• Festivals

Sundance 2022: Cinema Café Series – “Am I Ok?” and “Alice”

As part of the Sundance Film Festival Cinema Café series, Dakota Johnson joined Keke Palmer in a panel discussion about their latest projects. Speaking via Zoom, Johnson says of her two films, Cha Cha Real Smooth, and Am I Ok? 

“These are the first two movies from my production company (TeaTime Pictures). Both of them were shot during the pandemic that we’re still in. The first one we made, Am I Ok? is a comedy directed by married couple Tig Notaro and Stephanie Allynne. 

Am I Ok? is about a woman coming out in her thirties, coupled with a female friendship narrative. Johnson stars opposite Sonoya Mizuno (Ex Machina) in this coming-of-age/coming-out story written by Lauren Pomerantz (Ellen Degeneres’ longtime writer on her former daytime talk show). 

Johnson’s other film, Cha Cha Real Smooth is helmed by 24-year-old actor/director Cooper Raiff. “He made a movie called Shithouse that won South by Southwest a few years ago and he made it for zero dollars,” Johnson says proudly.  “And in Cha Cha Real Smooth he wrote, directed, edited and stars. He’s an annoyingly gifted person,” she laughs. “It’s rare to find a young man who’s so soulful.” 

The film is about a college grad (Raiff) who takes a job as a bar mitzvah party starter while forming a friendship with a young mother (Johnson) of an autistic daughter whom he eventually works for as a babysitter. It also stars Leslie Mann, Brad Garrett, Vanessa Burghardt and Evan Assante. 

Palmer stars in Alice, a thriller/horror movie about an enslaved woman who flees from a Georgia plantation to discover she’s in the wrong century.
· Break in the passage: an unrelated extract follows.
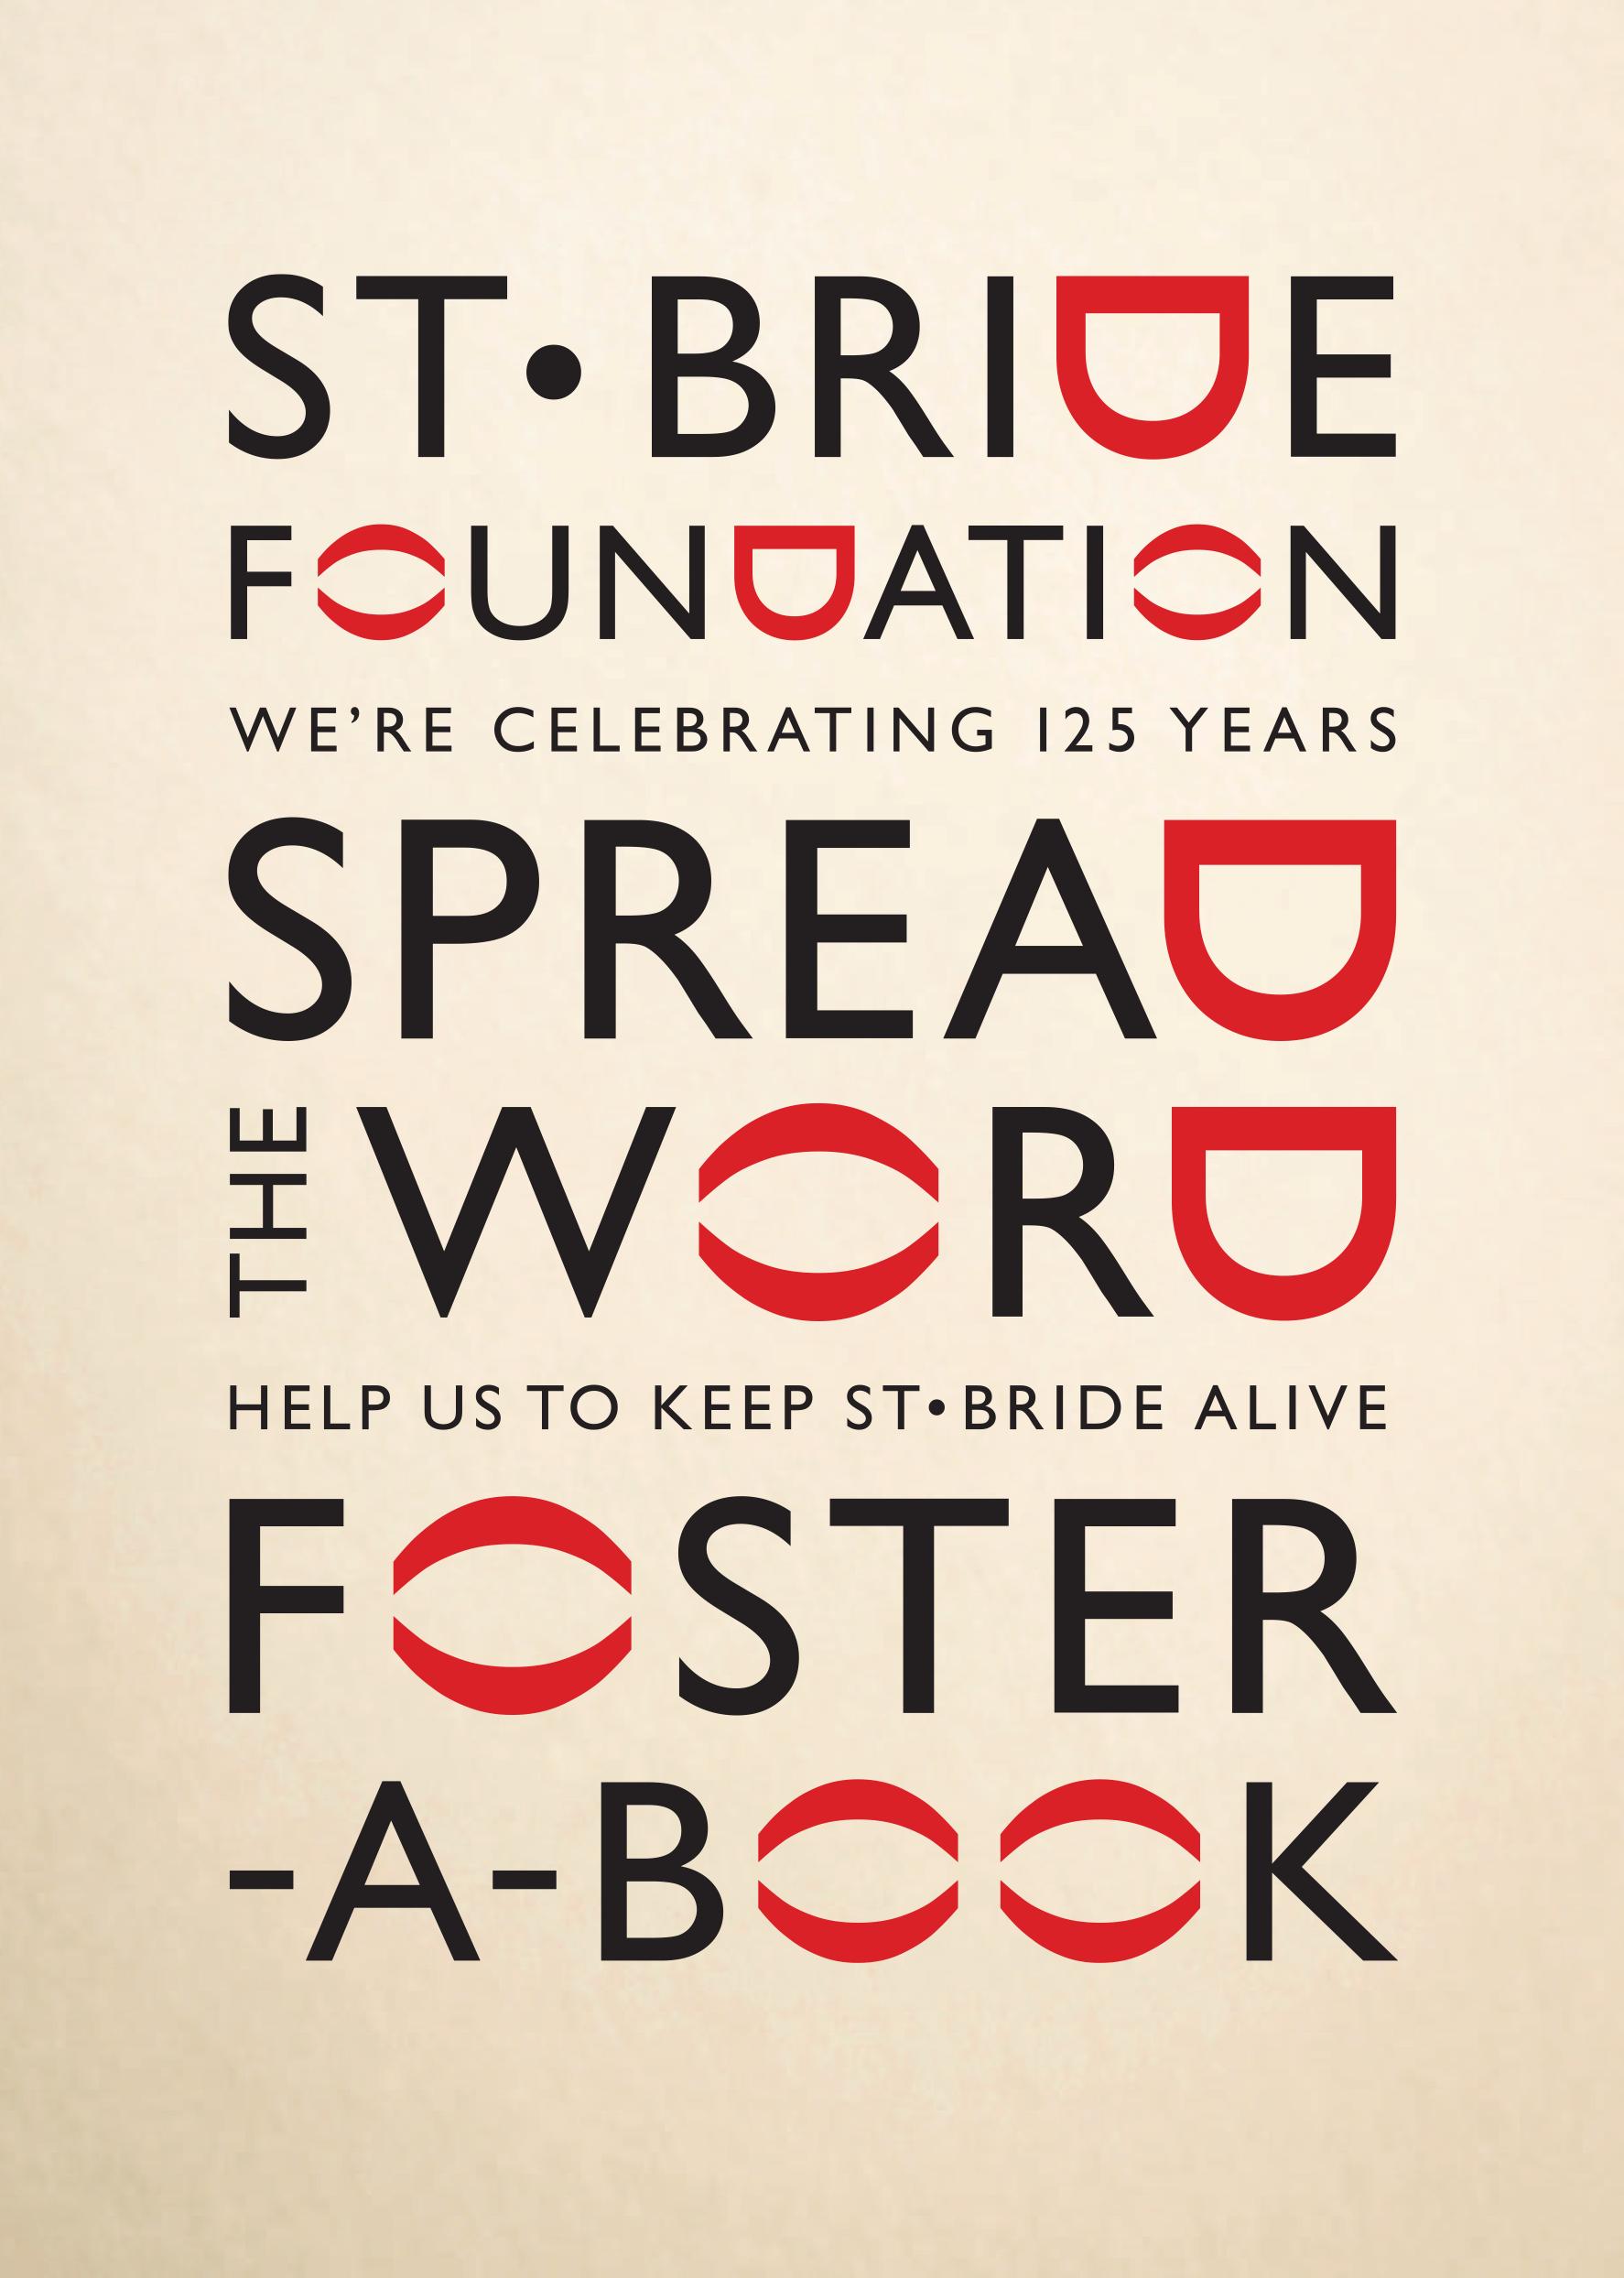 St Bride Foundation Poster 1

Her life turns upside down when she discovers she is not living in the 1800s, but in fact, the year is 1973. She must grapple with modern life and all that, that entails as well as understand the concept of freedom. 

Making her feature film debut, the film is written and directed by Krystin Ver Linden and also stars Johnny Lee Miller and Common.
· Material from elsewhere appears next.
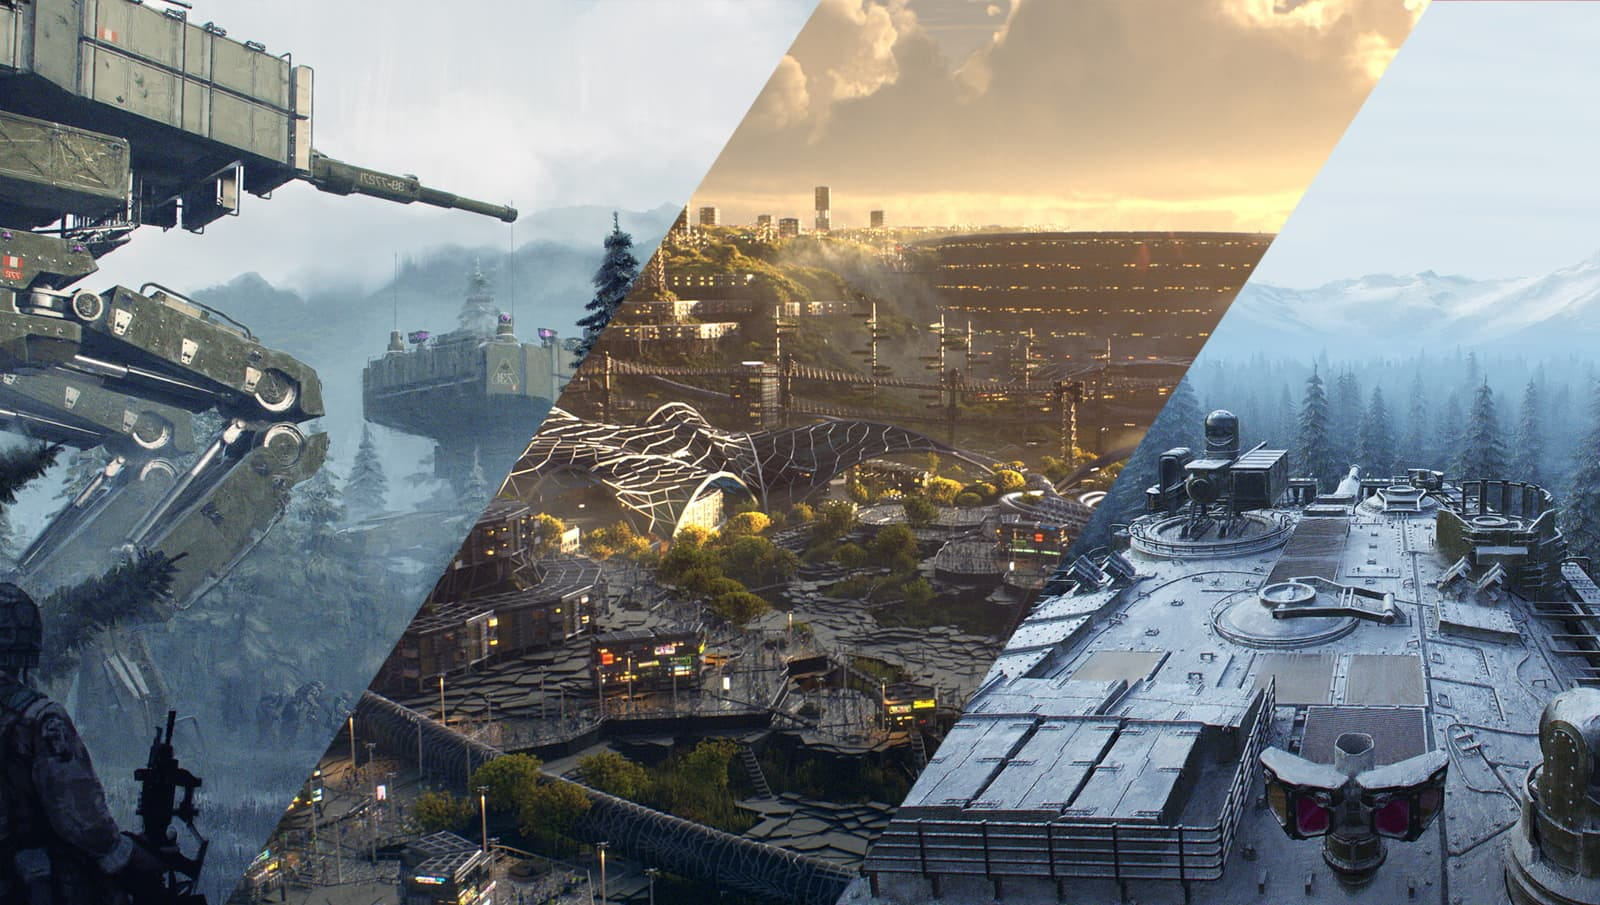 Interview with Gears Of War 5 Artist - Jeff Bartzis

Palmer notes, “It’s interesting that people keep calling it a thriller. To me, it’s more a fish out of water, self-discovery film,” she says. Evidently, making Alice was a personal journey for Palmer. “It challenged me in a way. It’s personal because it was dipping back into the past in terms of my ancestors and the horrors of black American history. That was obviously challenging to be able to step in that space and not allow it to bog me down,” she says. “Alice was also very empowering. I think more than anything with Alice, I was very much in a fighter mindset. I was in survival mode, very much so.”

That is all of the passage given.